Even the most thorough of
investigations may not reveal where the truth lies vis a vis the two hours per
annum visitations rights practiced by HAGAR but this should not deter a
journalist from presenting both sides of the story and asking, in a public
forum, the questions that HAGAR refuses to answer. My own attempts to get
answers from HAGAR can be found at:
http://citipointechurch.blogspot.com.au/2013/03/for-kate-kennedy-hagar.html
And there are myriad questions
that could be asked of the Cambodian Children’s Fund by any journalist who
looks at the NGO’s website, calculator in hand. I have asked many questions of
Scott Neeson but he refuses to answer most of them and, in one instance replied
with such a whopping lie in relation to assistance that CCF had allegedly
provided one family that makes one wonder if anything he says or that appears
on his website is true.

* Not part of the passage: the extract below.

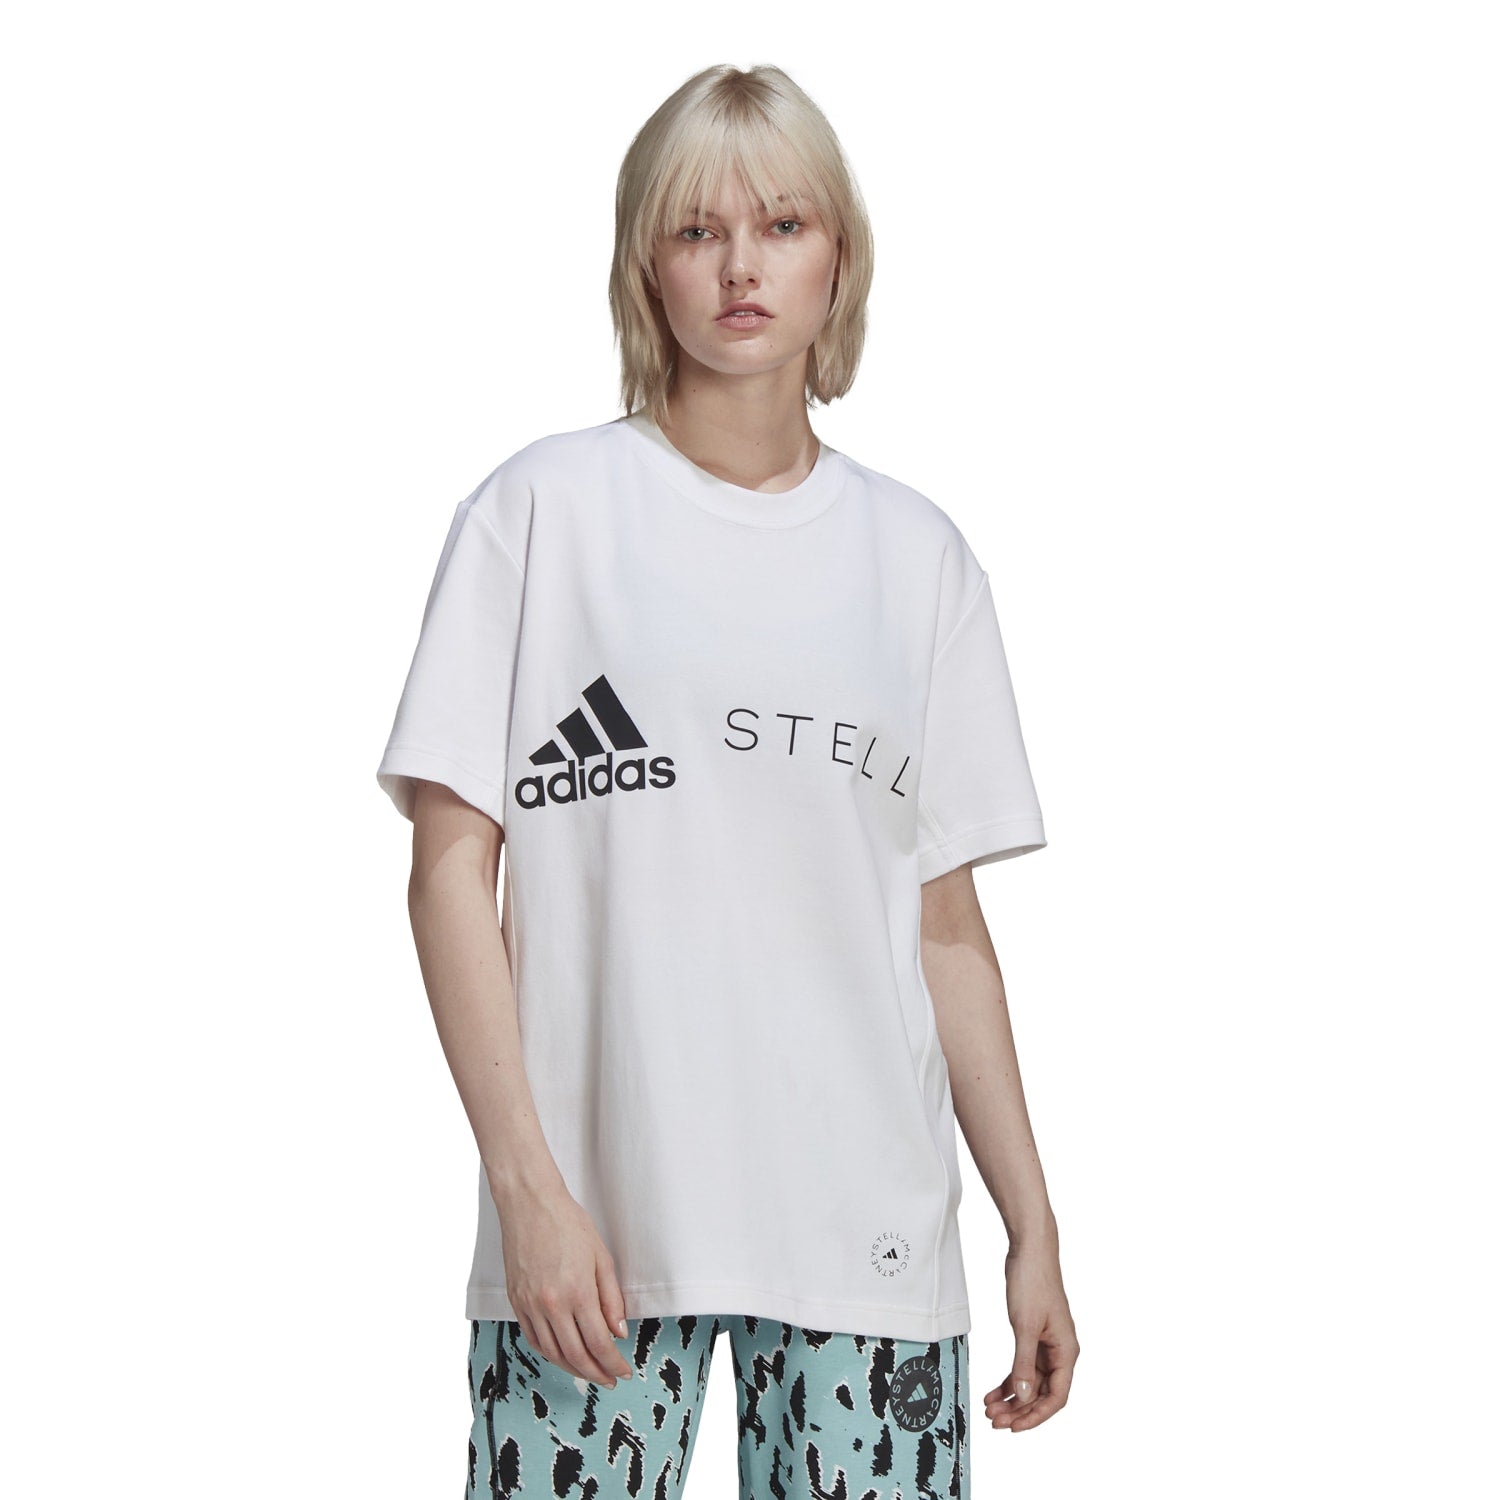 Adidas Women Stella McCartney Logo Tee White HB7401 - T-SHIRTS - Canada

Almost all of my correspondence with Scott is to be
found online, starting at:
http://citipointechurch.blogspot.com.au/2013/08/cambodian-childrens-fund-1.html
James |
Ask anyone who has considerable experience in Cambodia, considerable experience with NGOs and it does not take long before heads get shaken in unison at the sheer hopelessness of so many NGOs and the contradiction between what they claim to be doing on their websites and what they are actually doing on the ground. Like the Emperor’s New Clothes, however, everyone in Cambodia making a good living from ‘helping’ poor Cambodians prefers to pretend that all is well in NGO land. And the English language buries its head, ostrich like, in the sand and sees nothing!